ECLI:NL:GHAMS:2004:AR3911
Gerechtshof Amsterdam
- Eerste aanleg - enkelvoudig
- mr. Van de Merwe
- mr. De Rijk
- Rechtspraak.nl
Giftenaftrek en de vereisten voor notariële akte volgens de Wet inkomstenbelasting 2001
In deze zaak, behandeld door het Gerechtshof Amsterdam op 9 september 2004, ging het om een beroep van belanghebbende X tegen de uitspraak van de inspecteur van de Belastingdienst P, betreffende de aanslag in de inkomstenbelasting/premie volksverzekeringen voor het jaar 2002. De belanghebbende had in zijn aangifte een verzamelinkomen van € 19.442 en voerde een bedrag van € 8.569 aan als aftrekbare giften. De inspecteur accepteerde echter alleen de gift aan A als periodieke gift en beschouwde de overige giften als andere giften, die slechts tot 10% van het verzamelinkomen aftrekbaar zijn. Dit leidde tot een correctie van de aftrekbare giften met € 3.499, waardoor het verzamelinkomen werd vastgesteld op € 22.941.

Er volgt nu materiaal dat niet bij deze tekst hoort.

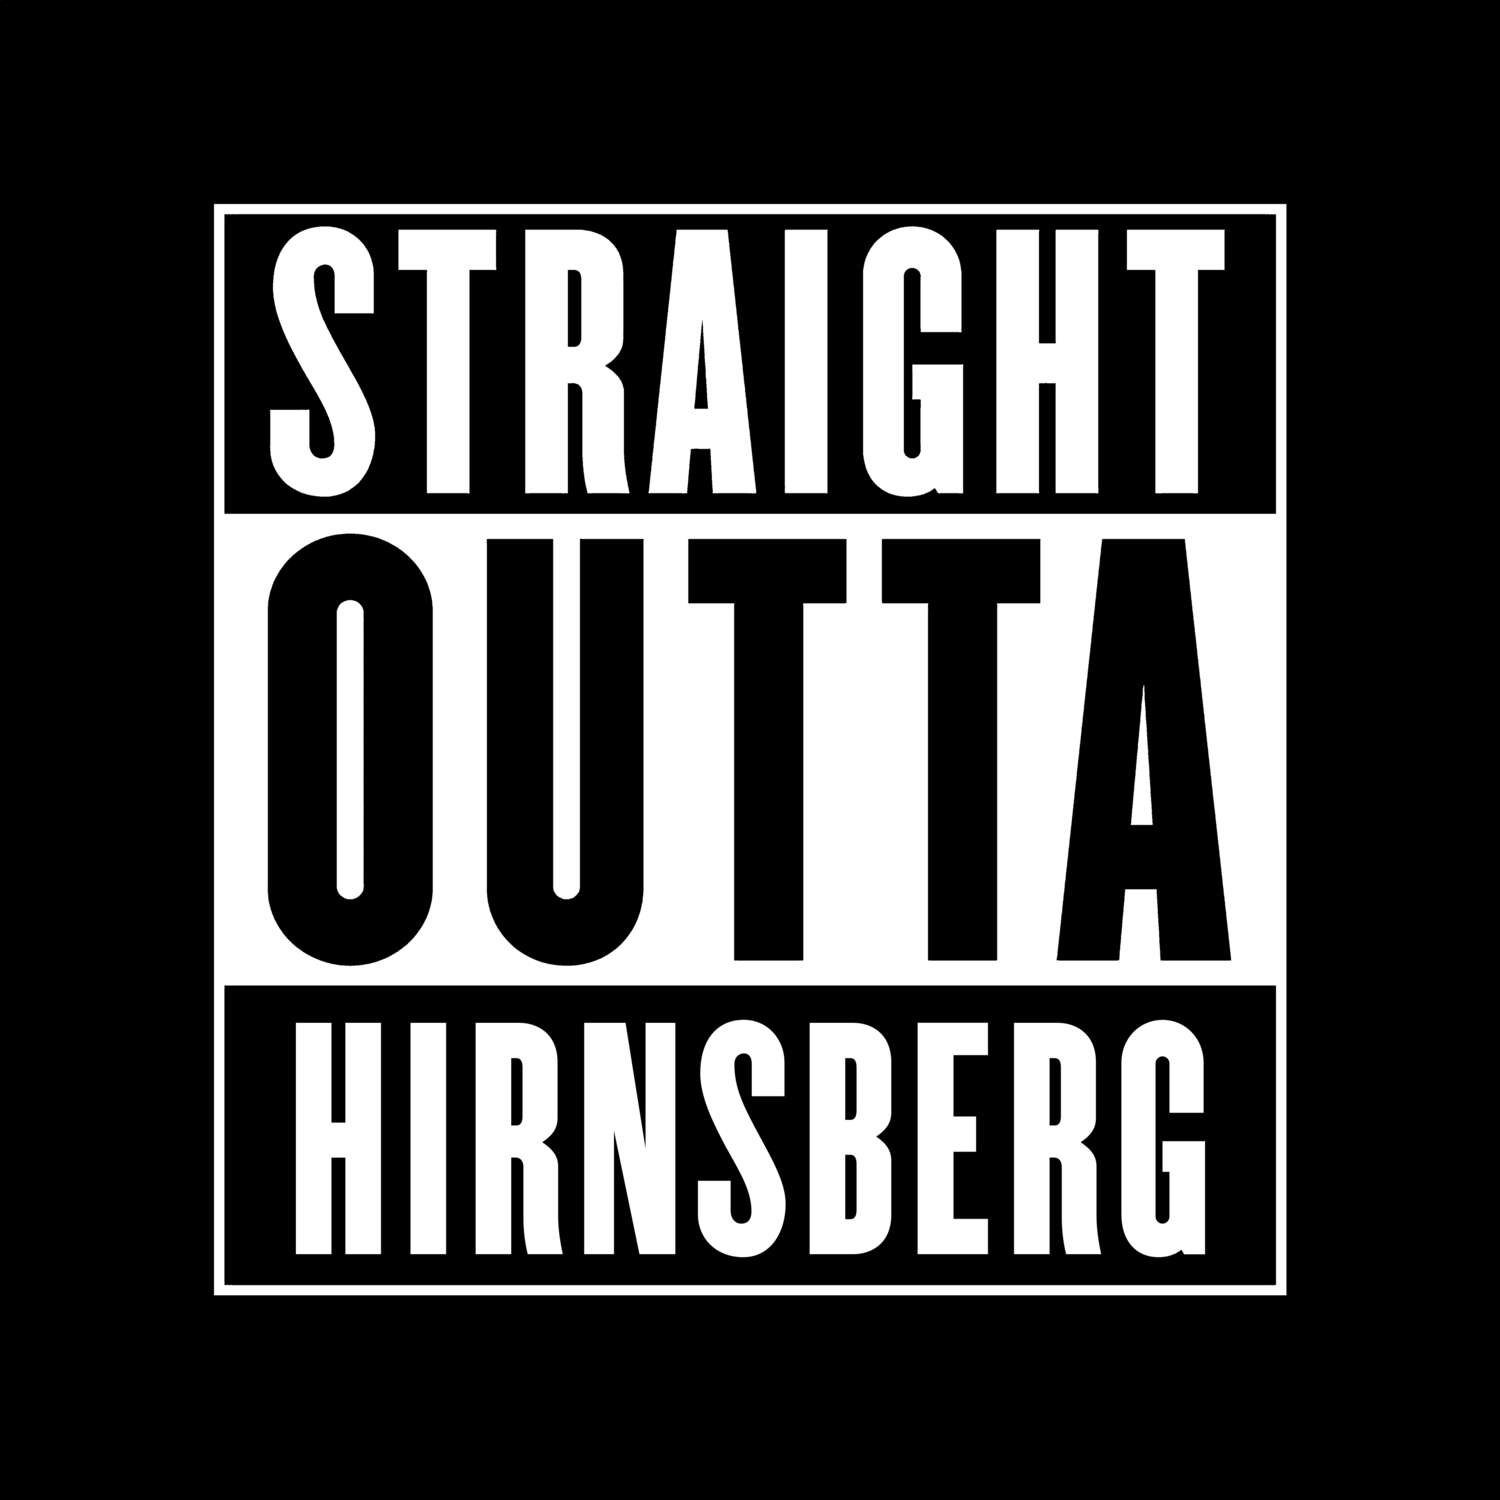 Hirnsberg T-Shirt »Straight Outta«

Belanghebbende stelde dat de brochure van de belastingdienst onvoldoende duidelijk maakte dat voor elke periodieke gift een aparte notariële akte vereist was. Hij voerde ook aan dat eerdere giften in de jaren 2000 en 2001 waren geaccepteerd, wat hem het vertrouwen gaf dat zijn aangifte voor 2002 op dezelfde manier behandeld zou worden. Het Hof oordeelde echter dat de wet duidelijk voorschrijft dat periodieke giften moeten berusten op een notariële akte en dat de rechter niet de innerlijke waarde van de wet kan toetsen. De argumenten van belanghebbende werden verworpen, en het Hof verklaarde het beroep ongegrond.

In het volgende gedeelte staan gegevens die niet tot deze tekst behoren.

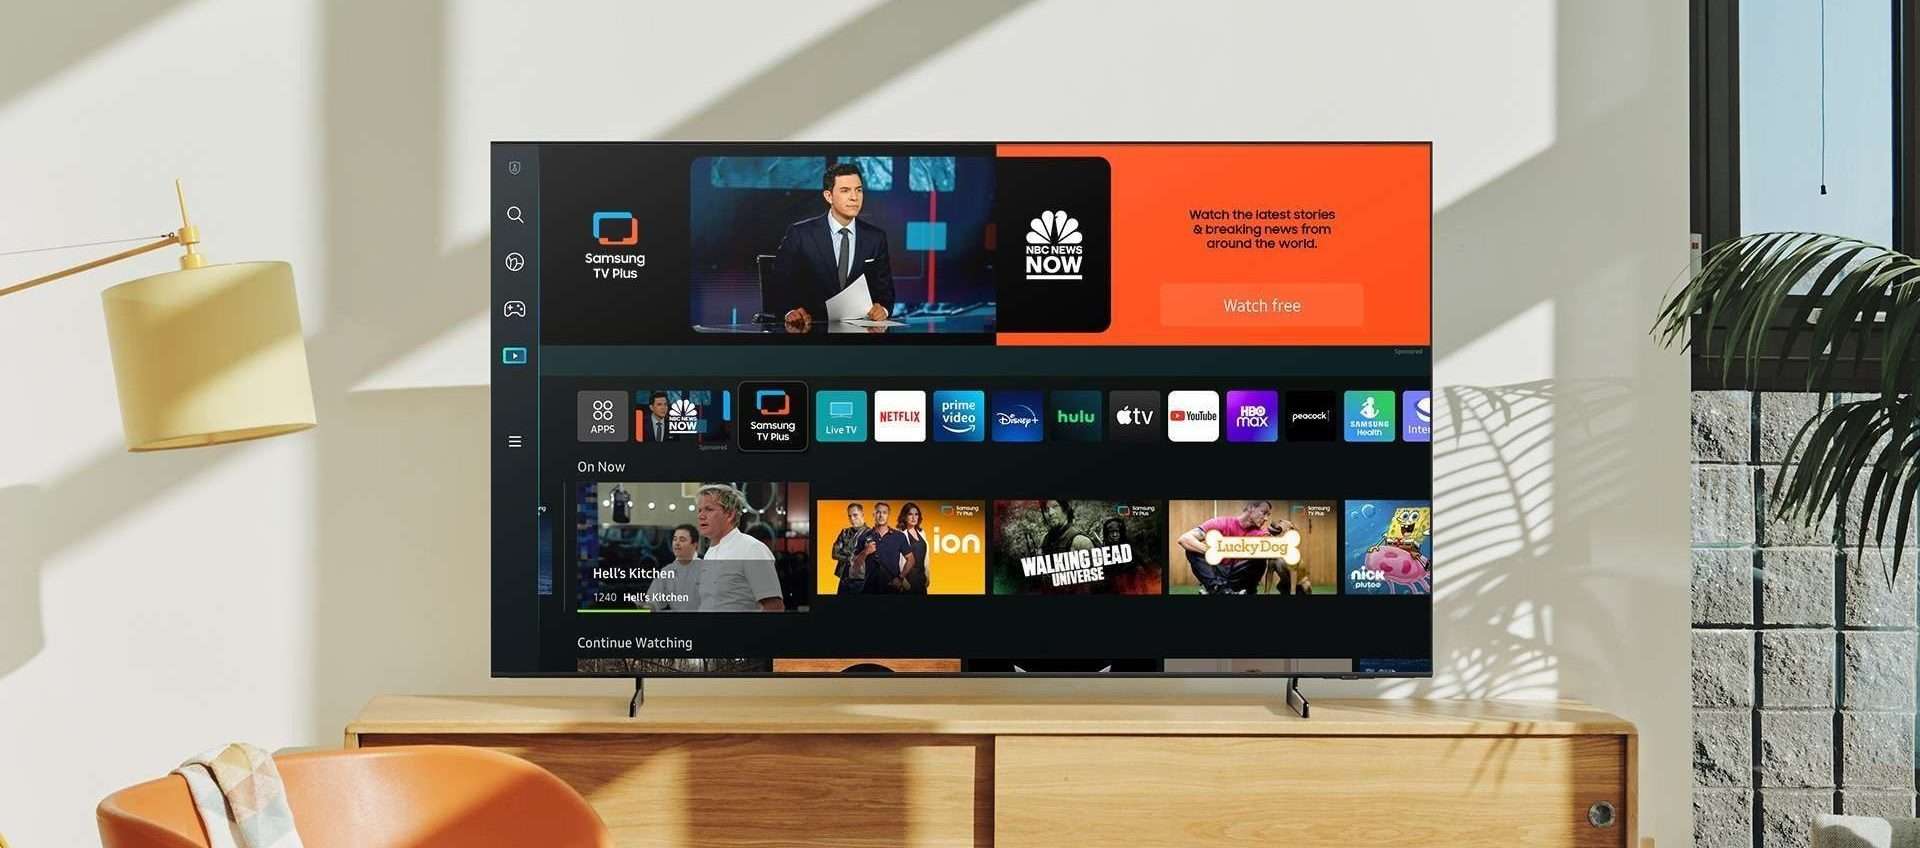 Questa Smart TV di Samsung è in offerta su Amazon a 399€: è un OTTIMO ACQUISTO

Het Hof benadrukte dat de wettelijke regeling voor aftrekbare giften, die een maximum van 10% van het verzamelinkomen stelt, niet discriminerend is, maar een vastgestelde norm die door de wetgever kan worden gewijzigd. De uitspraak werd op 9 september 2004 vastgesteld door mr. Van de Merwe, lid van de belastingkamer, en de beslissing werd ter openbare zitting uitgesproken.